Marcus Aurelius wrote that the obstacle is the way. In organizational change, the obstacle (resistance) is literally the way. It is the system telling you where your design is flawed. Every complaint is a log entry. Every workaround is a stack trace. Every refusal to adopt is a failed assertion that your change was compatible with the operational reality.
When is resistance actually a culture problem?
Resistance is a culture problem only after you have eliminated every design, workflow, and incentive explanation, which in my experience accounts for fewer than 15% of cases.

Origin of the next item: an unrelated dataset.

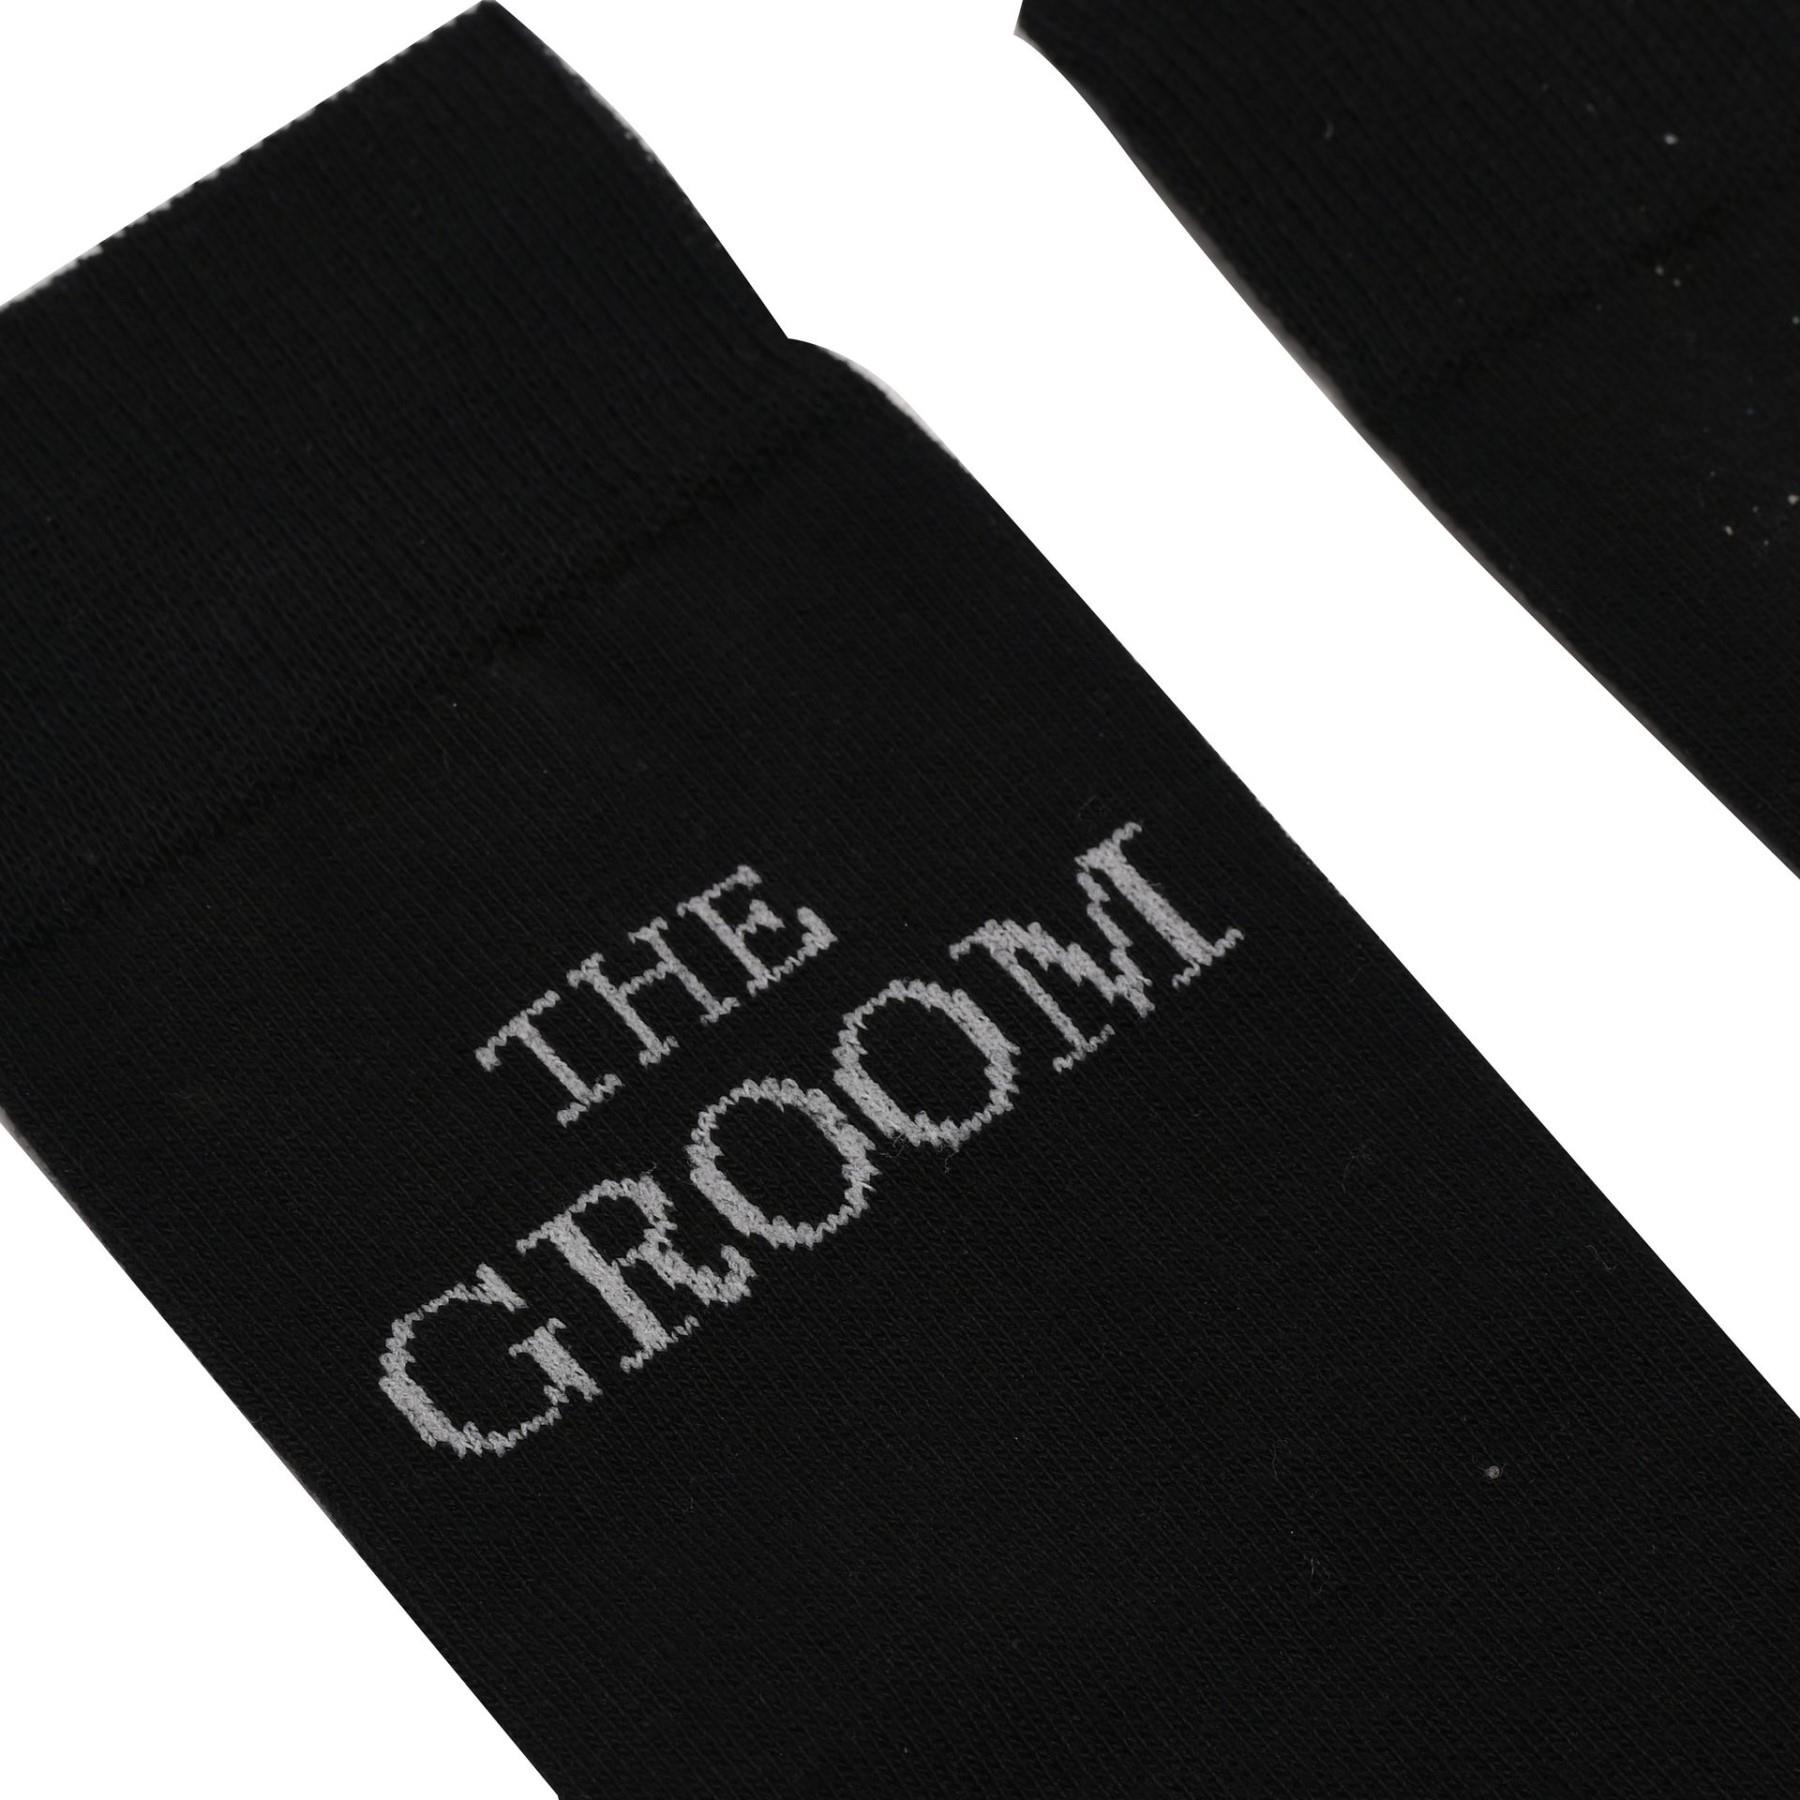 Men's Black Socks Wedding Gift - The Groom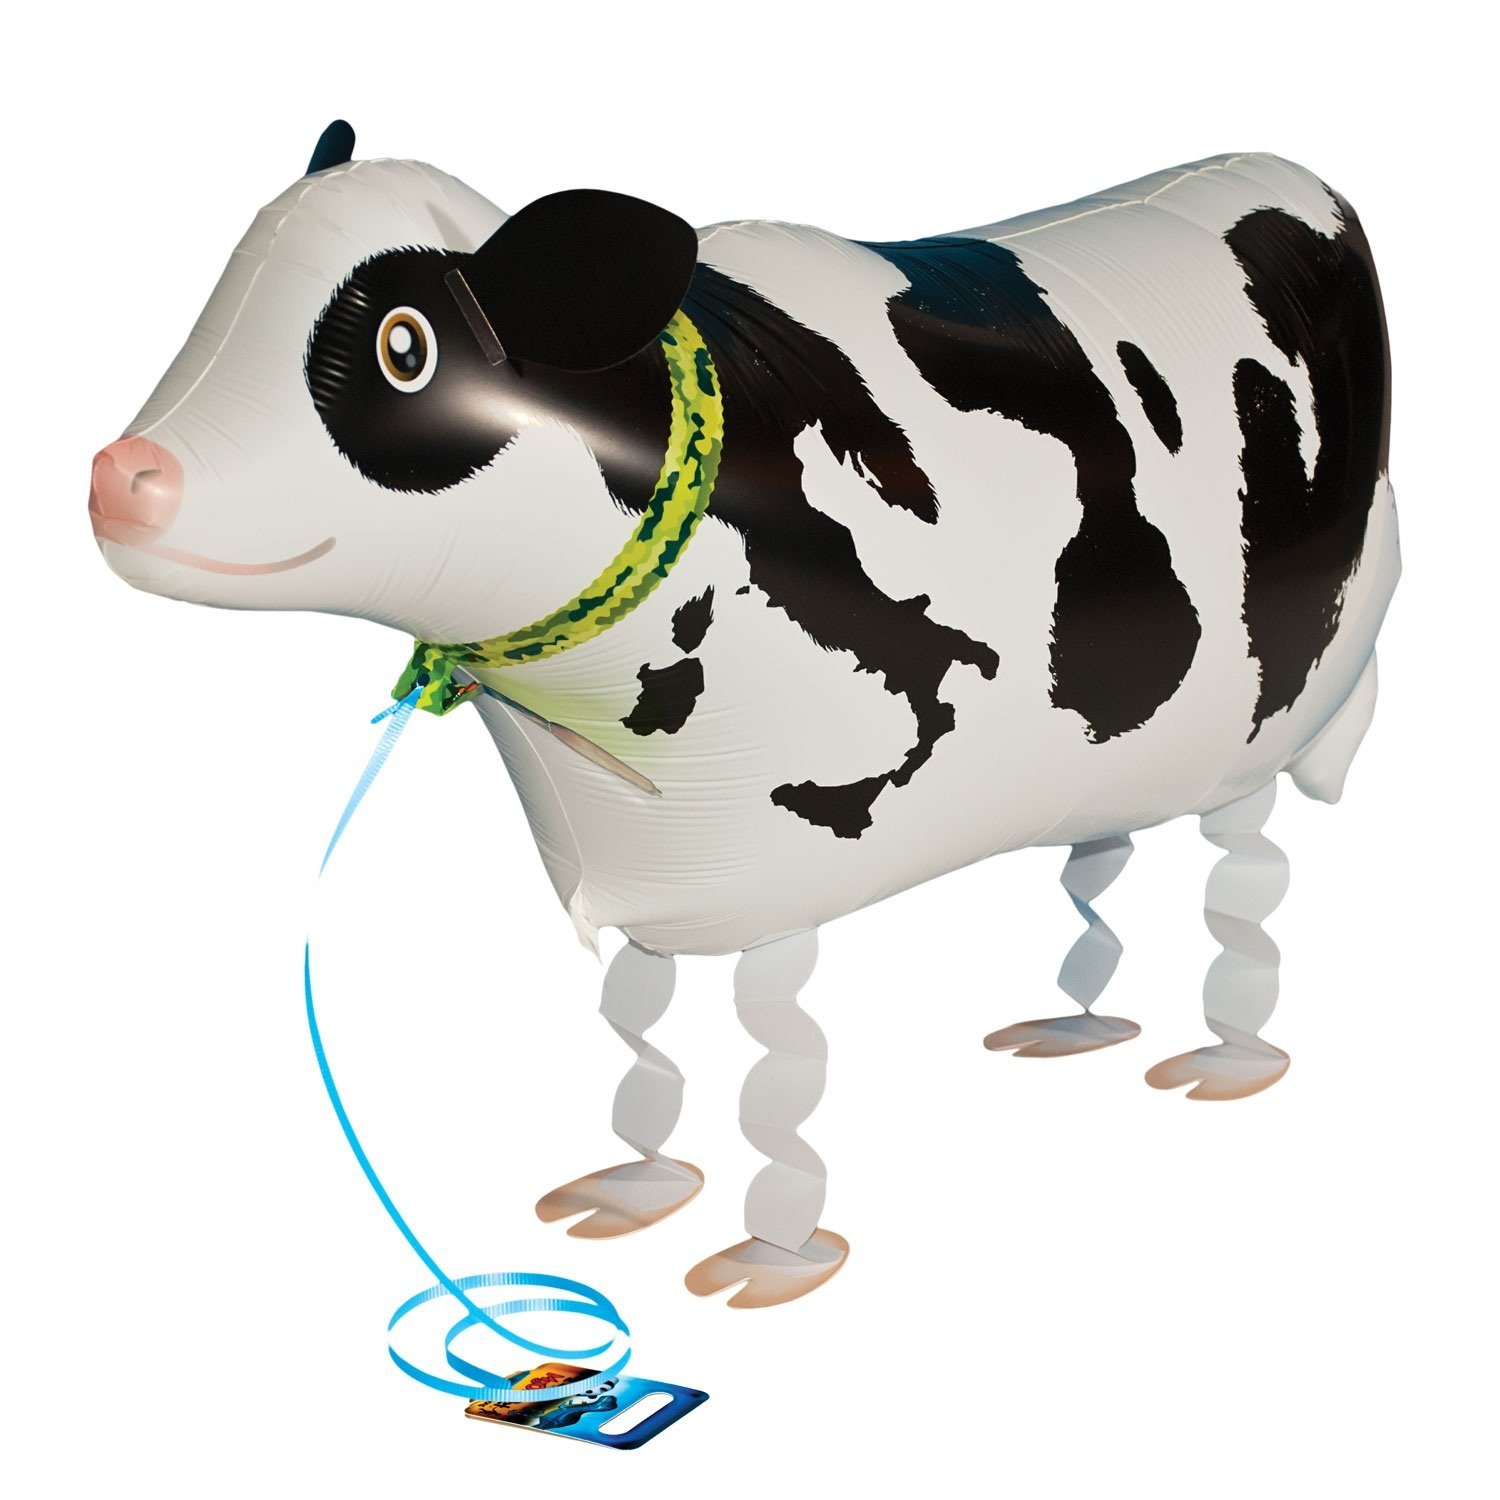 Amazon.com: My Own Pet Balloons Cow Farm Animal: Toys & Games

I do not deny that genuine cultural resistance exists. In roughly 15% of the change initiatives I have evaluated, resistance persisted after all design issues were resolved. These cases shared common characteristics: the change eliminated a role, reduced someone’s authority, or required skills that individuals were unwilling to develop. These are genuine people problems that require genuine people solutions.
But 85% of the resistance I have encountered was the system working correctly. People were producing accurate feedback about flawed designs. The tragedy is that this feedback was systematically ignored, reinterpreted as emotional resistance, and managed through communication campaigns rather than design iterations.
The Stoic discipline of distinguishing between what is in our control and what is not applies directly. You cannot control whether people feel uncomfortable with change. You can control whether the change you designed actually works for the people who must use it. Start with what you can control. In most cases, that is all you need.